What would be the difference between the master tracks and a copy of the master tracks, besides a little quality loss?

CornedBee
01-05-2006, 05:09 AM
If you streamed the master as deltas, they would be kind of useless on their own ... hmm ...

curlious
01-05-2006, 10:08 AM
What are deltas in relationship to streamed music?
What are you thinking about?

Ultimately the master track should be an Analog recording. I was just thinking a very high bitrate master file that could be used to fill in gaps on the clients copy so they could get a true studio quality sound.

As far as the digital rights, some people will not even allow their music to be recorded so what do you do then?

CornedBee
01-05-2006, 10:13 AM
If those gap fillers submitted are only offsets to the last value available on the client, the data amount is the same (or perhaps even less), and someone without the client file couldn't use the server file. You could say the master file is encrypted using the client file as the key.
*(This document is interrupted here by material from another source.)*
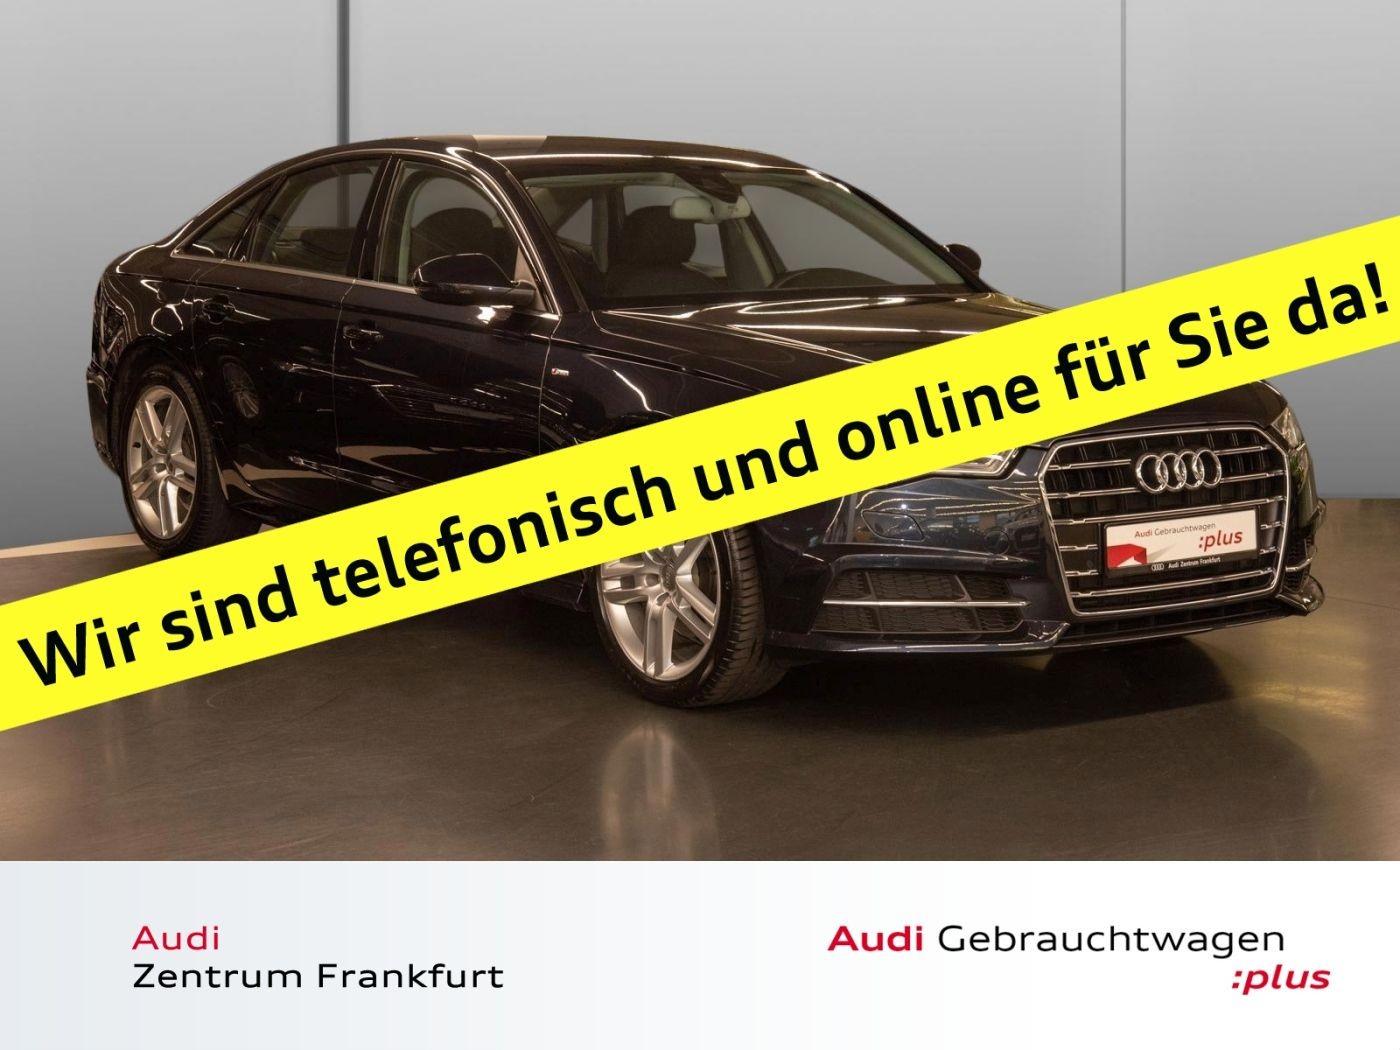 Audi A6 1.8 TFSI ultra S tronic S line Matrix-LED Navi Bose, Jahr 2016, Benzin

Of course, that would require a new media format. MP3 can't do that.

curlious
01-05-2006, 10:23 AM
I was thinking on similar lines but did not want to get off topic with encryption. Besides I have some moral quanandrums with putting the idea out their in relationship to music.

The original post is more about artifical intelligence and musical analysis. So I am just going to drop it and go talk to my chat bot Desti.

Have a good day people psi a nar a

Epo
01-05-2006, 11:22 PM
How about something along the lines of...

All music has repetition. Some less than others, some more. Be it a bass line, drum beat, etc. So some sort of midi form where you can tell the difference between instruments/channels would be great first step to simplicity.

Then, you look for the patterns. Consider the whole sequence for one channel:
0.0 8.1 4.2 6.9 9.5 7.8...
Not much of a pattern.

But if at one point during the song, you find the pattern:
0.0 GAP GAP 6.9 GAP 7.8
And at another point"
GAP 8.1 GAP GAP 9.5 7.8
And one more:
0.0 8.1 4.2 GAP GAP GAP

And you can find these overlapping similarities, you can fill in the gaps based on the information from the other portions. Of course, perhaps you could allow a leeway of 0.1 in your integers, so if the only thing holding you back from filling in a GAP is because one pattern says 4.2 and another says 4.3 (drum was hit in a different spot, but still relatively the same output), you could still count it as valid and perhaps average the two.

Of course, something like singing will yield less patterns than a bass line, but it could be somewhere to start.

But if you can fill this pattern for multiple channels, then recombine them into a single file...well, I have no idea what would happen, or how you would split them up in the first place.

Even Winamp comes with an Equalizer that controls the behaviour of different decibel levels in relation to another property (not sure what it is, but the units are K, and it may or may not be labeled preamp). But either way, there are a variety of things to reconstruct. The decibel levels, perhaps the frequency of the sounds if you can analyze that, etc.

That's my best idea for a reconstruction method.

curlious
01-06-2006, 07:44 AM
A MIDI file is just like a musical score isn't it.
So this is already done, but we all know synths and midis sound bad at there best.
I think Bach studied mathmatics in relationship to music though he was a composer. But the purpose of a musical score is artistic interpretation, not recorded regurgitation so some AI that could interpret a score decently and play instruments would freak me out. lol

CornedBee
01-06-2006, 11:47 AM
So this is already done, but we all know synths and midis sound bad at there best.
Considering how much of today's music is MIDI with a bit of directly recorded sound added to it, that's a pretty risky statement.
Although, considering the quality of much of today's music, perhaps not.